▸ Task prompt
Please transcribe the data below in full, word for word, without the images.

▸ Source data
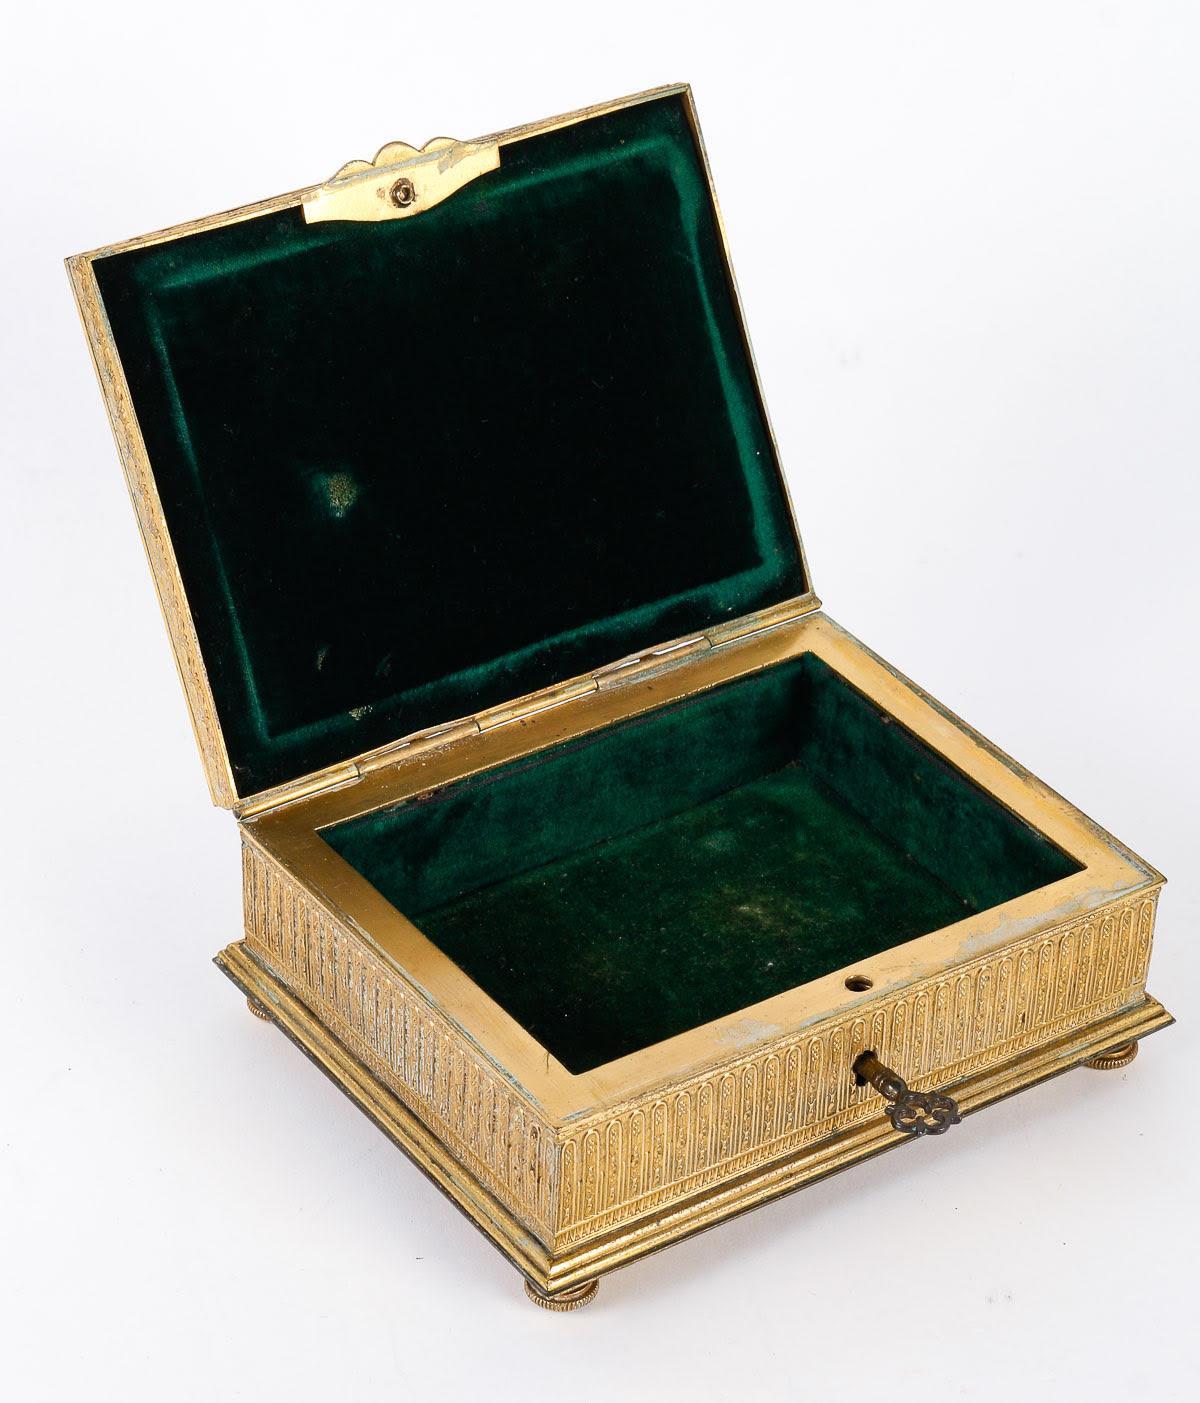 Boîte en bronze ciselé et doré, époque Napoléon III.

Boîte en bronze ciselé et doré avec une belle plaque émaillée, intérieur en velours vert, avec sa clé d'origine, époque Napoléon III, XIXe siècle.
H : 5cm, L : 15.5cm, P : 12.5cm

▸ Answer section
 Boîte en bronze ciselé et doré, époque Napoléon III.

Boîte en bronze ciselé et doré avec une belle plaque émaillée, intérieur en velours vert, avec sa clé d'origine, époque Napoléon III, XIXe siècle.
H : 5cm, L : 15.5cm, P : 12.5cm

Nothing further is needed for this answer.